Natalia Toledo is the author of the book Guendaguti Ñee Sisi: La Muerte pies ligeros, which tells the story of how death came to Earth, inspired by the images of the great Oaxaca artist Francisco Toledo, the author’s father, and presentes in a Zapoteco/Spanish bilingual edition. Toledo will share a reading of this tale with the public and talk about it with Imanol Martínez.
Dolores Reyes is a writer and educator from Buenos Aires, Argentina. Her first book, Cometierra, tells the story of Cometierra, a girl with a special gift, but also one that is hard to live with. When she was small, she ate some earth and had her first vision. In it, she saw her father killing her mother.

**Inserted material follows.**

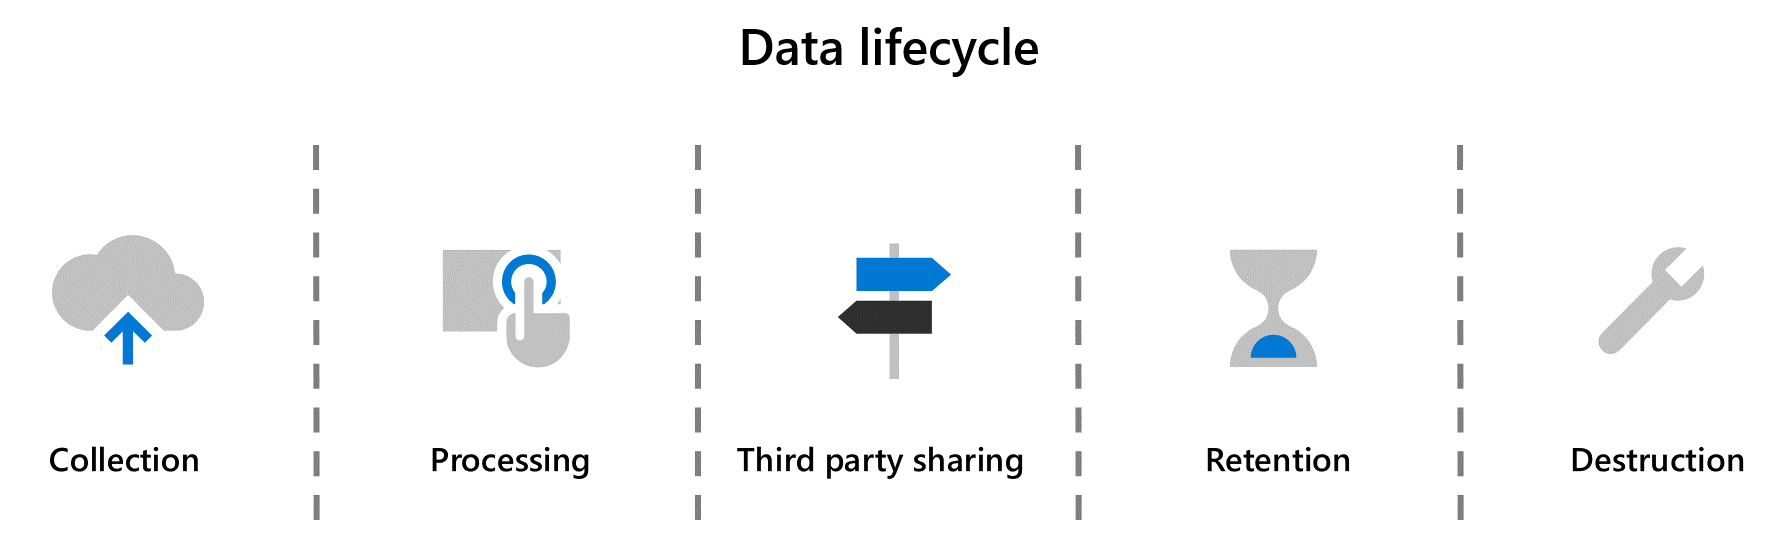 data lifecycle workflow - starting from collection, processing, third party sharing, retention, and destruction.

This book shows the power of literature as a means of expressing difficult situations, whether they are real or imagined. At this workshop, Dolores Reyes will share her experience as a writer in an activity that will teach those attending some tools to bring their ideas into being, making them into stories.
Cristina Fortuny (Venezuela) is an economist, writer, conference speaker and adopted Queretaran, and she has dedicated her life to closing the generation gap, promoting links between parents and children as the best protection against the challenges faced by children as they grow up surrounded by screens. Her book Crecer entre pantallas (2022) is about the uses and misuses that young people make of technology, and how parents can deal with this; it is about interacting with these devices, managing mental health, and realizing the potential that these technologies have when used well. In conversation with Imanol Martínez.

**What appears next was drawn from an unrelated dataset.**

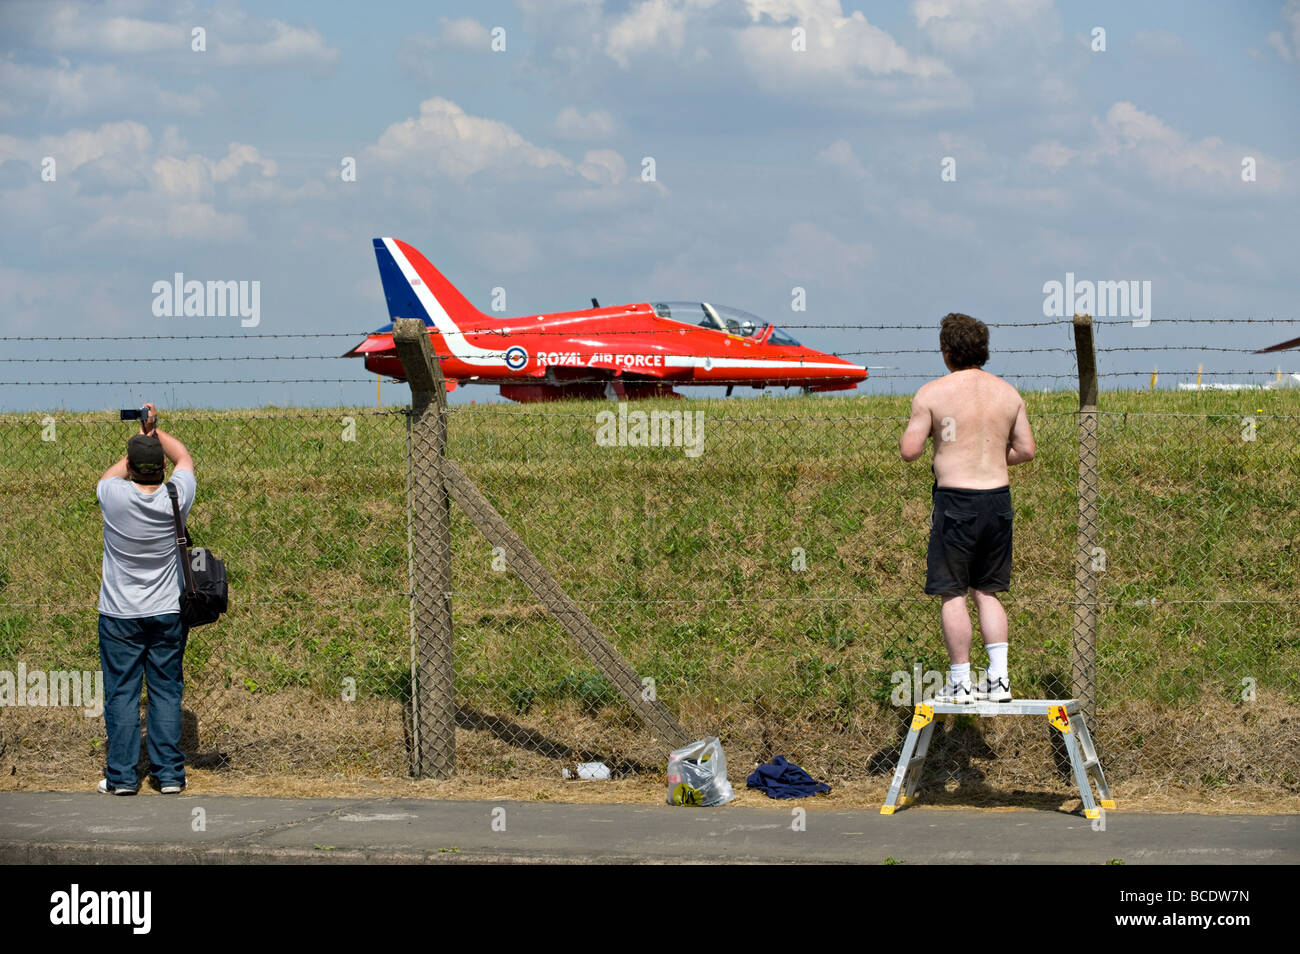 Enthusiasts watch the BAE Hawk aircraft of the RAF's aerobatic team "The Red Arrows" at Biggin Hill, England, UK Stock Photo

At this event, two journalists give us a view of Ecatepec, in Mexico State, which has many of the characteristics, problems and dreams of contemporary Mexican society. Lydiette Carrión, a Mexican journalist and author, writes on the topic of violence against women in her native country. She is the author of the book La fosa de agua, an investigation that documents cases of femicide in the municipalities of Tecámac and Ecatepec in Mexico State. Emiliano Ruiz Parra (Mexico City, 1982) studied Hispanic Language and Literatures and has been a reporter for Reforma and a contributor to Gatopardo magazine. His most recent publication, Golondrinas: Un barrio marginal del tamaño del mundo (Debate, 2022), is his fourth book of literary non-fiction. Since 2020 he has been a member of the Investigative Reporting Unit and works with the Corriente Alterna site, an initiative run by UNAM’s Department of Cultural Dissemination. These two writers will talk to Felipe Rosete about the problems that beset the city of Ecatepec.
In this conversation with Karla Iberia Sánchez, Alma Delia Murillo (Mexico), Reforma newspaper columnist and author of several novels and books of short stories, presents La cabeza de mi padre, which tells the story of a forty-year old woman who, brought up among seven siblings and a working mother, sets out to look for her father. The plot of this writer’s most recent book is both a present journey and a set of reflections on the past.
Dahlia de la Cerda (Mexico) is a fiction writer, activist and philosopher, distinguished with various awards for literature and creative pursuits. She is the co-founder of the Morras Help Morras organization, a feminist collective that works from and for the periphery, and author of Perras de reserva (2022), a powerful collection of stories in which the writer reveals some of the most unjust aspects of the patriarchy. The goal of this workshop is for its attendees to obtain basic tools to write their first narrative texts.
Adriana Grimaldo thinks that perhaps humanity's best invention has been words. With them, we not only connect with the world, but we can share our interior world with others. Adriana loves and admires words: she speaks with them, learns them, listens to them, reads them and writes them. At this activity, children and teenagers will discover the importance of creating, taking care of and sharing words and ideas to build better life stories.
Ages 6 and over
Elisa Guerra is a teacher, writer and friend to both children and trees. In 2015 she was named Best Educator in Latin America and the Caribbean by the Inter-American Development Bank, and has been shortlisted for the Global Teacher Prize twice. At this event she will talk about her latest book, Las voces de los árboles, in which she takes us to a parallel world where trees of different species and from different places around the world tell us their stories and lead us to reflect on the damage we are doing to the planet.
Cuadernos Hispanoamericanos aims to promote knowledge and exchange among writers of different generations and nationalities, united by a single language and a literary tradition enriched by authors of diverse origins. The project consists of having an established author select a younger one on the other side of the Atlantic for conversations. On this occasion we present a conversation between Rosa Montero and Clyo Mendoza, moderated by Irma Gallo.